In July 2017, Mexican media outlets reported that Helbrans had drowned in a river while participating in a ritual immersion. A Mexican Foreign Ministry spokesman stated that an official from the Israeli consulate in Mexico headed to the southern state of Chiapas to confirm the death and to identify Helbrans's body. Control of Lev Tahor was left in the hands of Helbrans' more extreme-minded son Nachman Helbrans.
In December 2018, U.S. authorities charged Shlomo Nachman's son, Nachman Helbrans, age 39 at the time, and Mayer Rosner, age 45 at the time, US citizens from Guatemala with kidnapping two grandchildren of Shlomo Helbrans, whose mother had fled the community after she was ostracized for objecting to her 13-year-old daughter being married to an older man.
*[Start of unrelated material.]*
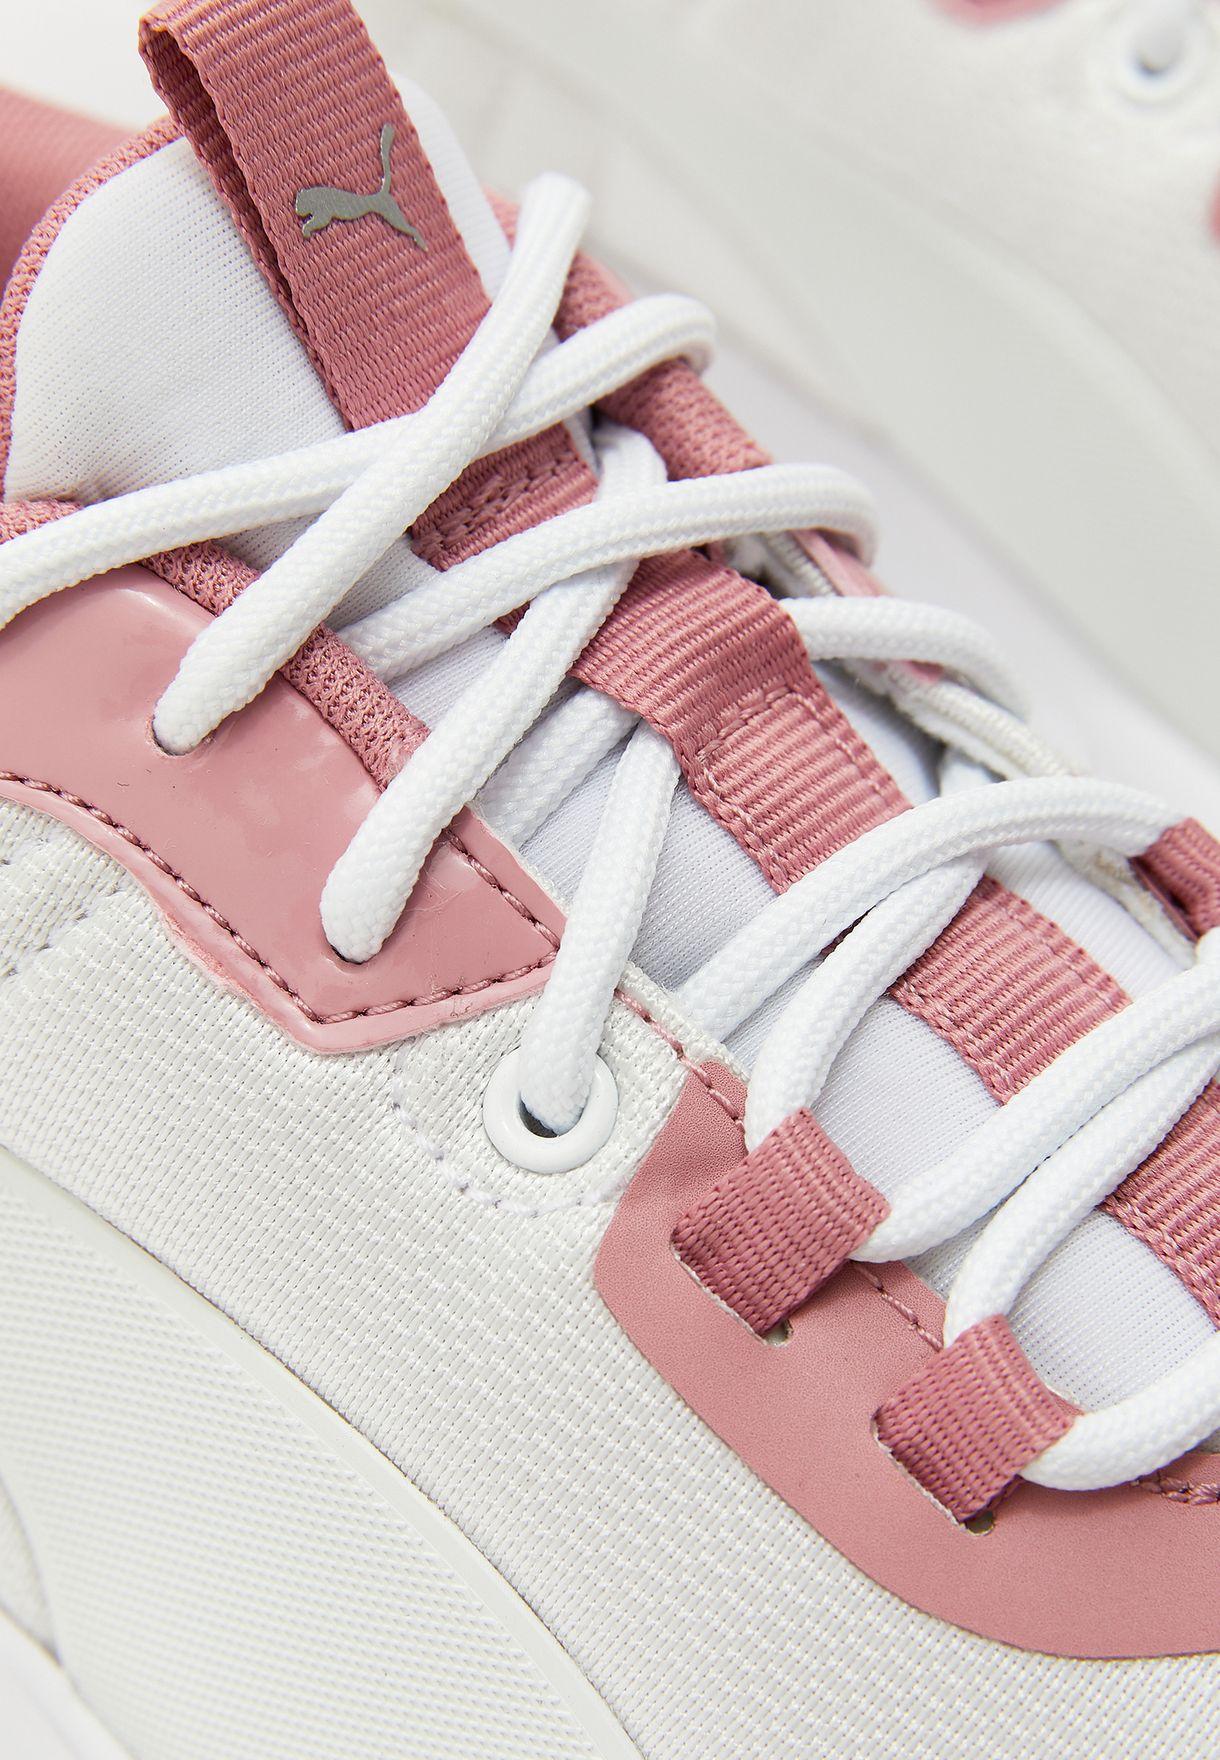 حذاء نوايج رن بيرل

An FBI agent stated in a court document that two children, a 14-year-old girl and a 12-year-old boy, were kidnapped from Woodridge, New York, and transported to Scranton, Pennsylvania. They were then flown to Mexico City, in the charge of Lev Tahor members.
Members of Lev Tahor applied for political asylum in Iran in late December of 2018, and swore allegiance to the state's supreme leader Ali Khamenei.
On November 10th, 2021, Nachman Helbrans and Mayer Rosner were convicted on six different counts following a four-week jury trial of child sexual exploitation offenses and kidnapping. Helbrans and Rosner were convicted of: Conspiring to transport a minor with intent to engage in criminal sexual activity; Conspiring to travel with intent to engage in illicit sexual conduct; Two counts of international parental kidnapping; Conspiring to commit international parental kidnapping. Helbrans was also convicted of an additional count of international parental kidnapping. When they are sentenced, both men could face life in prison. No return court date has been announced as of yet.
In November 2021 a group of about 70 members reached Kurdistan in an attempt to make their way to Iran, but were detained by Iraqi officials and deported to Turkey. From there they left for Bucharest, Romania where they were turned back to Turkey.
The Facts
Lev Tahor has been accused by its numerous critics (including former followers, estranged families of followers, religious scholars, and law enforcement officials) of child abuse, brainwashing, drug use and forced marriages of teenage girls to men as many as 20 years their senior. The group has been referred to as "Jewish Taliban" by the Israeli, Jewish and international press.
This cult is involved in child sexual and physical abuse on a large scale. Underage victims, girls and boys (some as young as 12), are routinely forced to marry other minors or adults. The children persevere ongoing mistreatment, beatings, starvation, complete isolation and other tortures. These tortures are routinely used as a method of control on minors and adults alike.